Important Additional Information About the
Merger and Where to Find It
The proposed Merger transaction will be
submitted to the shareholders of William Penn and Mid Penn for their consideration and approval. In connection with the proposed
Merger transaction, Mid Penn will be filing with the SEC a registration statement on Form S-4, which will
include a joint proxy statement of Mid Penn and William Penn and a prospectus of Mid Penn and other relevant documents concerning
the proposed transaction. INVESTORS AND SHAREHOLDERS OF MID PENN AND WILLIAM PENN ARE URGED TO READ THE REGISTRATION STATEMENT
AND THE JOINT PROXY STATEMENT/PROSPECTUS REGARDING THE TRANSACTION WHEN IT BECOMES AVAILABLE AND ANY OTHER RELEVANT DOCUMENTS FILED
WITH THE SEC, AS WELL AS ANY AMENDMENTS OR SUPPLEMENTS TO THOSE DOCUMENTS, BECAUSE THEY WILL CONTAIN IMPORTANT
INFORMATION. Investors will be able to obtain a free copy of the joint proxy statement/prospectus, as well as other filings
containing information about Mid Penn and William Penn, free of charge from the SEC’s Internet site (www.sec.gov).

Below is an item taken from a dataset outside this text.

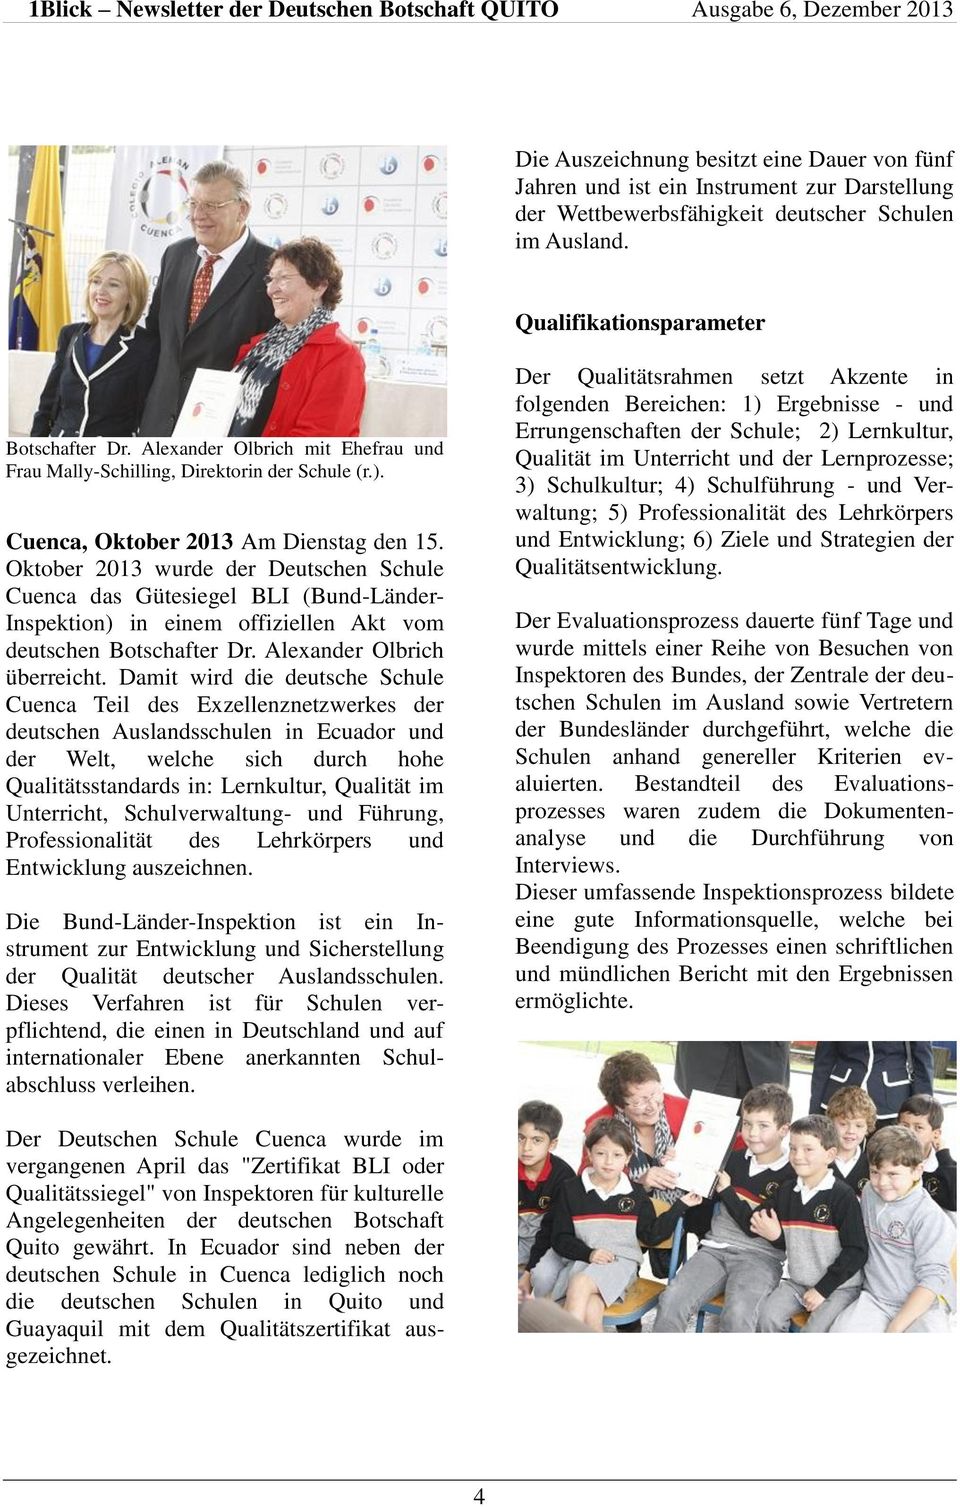 Oktober 2013 wurde der Deutschen Schule Cuenca das Gütesiegel BLI (Bund-Länder- Inspektion) in einem offiziellen Akt vom deutschen Botschafter Dr. Alexander Olbrich überreicht.

Copies of the joint proxy statement/prospectus and the filings with the SEC that will be incorporated by reference in the joint
proxy statement/prospectus can also be obtained, free of charge, or by contacting Mid Penn Bancorp, Inc., 2407 Park Drive,
Harrisburg, Pennsylvania, 17110, attention: Investor Relations (telephone (866) 642-7736); or William Penn
Bancorporation, 10 Canal Street, Suite 104, Bristol, Pennsylvania 19007, attention: Kenneth J. Stephon, President and CEO
(telephone (267) 540-8500).
No Offer or Solicitation
This communication not a proxy statement or solicitation
of a proxy, consent or authorization with respect to any securities or in respect of the proposed Merger and shall not constitute an offer
to sell or a solicitation of an offer to buy any securities nor shall there be any sale of securities in any state or jurisdiction in
which such offer, solicitation, or sale would be unlawful prior to registration or qualification under the securities laws of any such
state or jurisdiction.
Participants in the Solicitation
Mid Penn, William Penn and their respective directors,
executive officers, and certain other members of management and employees may be deemed to be participants in the solicitation of proxies
from Mid Penn and/or William Penn shareholders in connection with the proposed Merger transaction under the rules of the SEC. Information
regarding the directors and executive officers of Mid Penn and William Penn is available in each company’s respective most recent
definitive proxy statement filed with the SEC and other documents filed by Mid Penn and William Penn with the SEC. Other information
regarding the participants in the proxy solicitation and a description of their direct and indirect interests, by security holdings or
otherwise, will be contained in the joint proxy statement/prospectus and other relevant materials filed with the SEC, which may be obtained
free of charge as described under the heading “Important Additional Information About the Merger and Where to Find It.”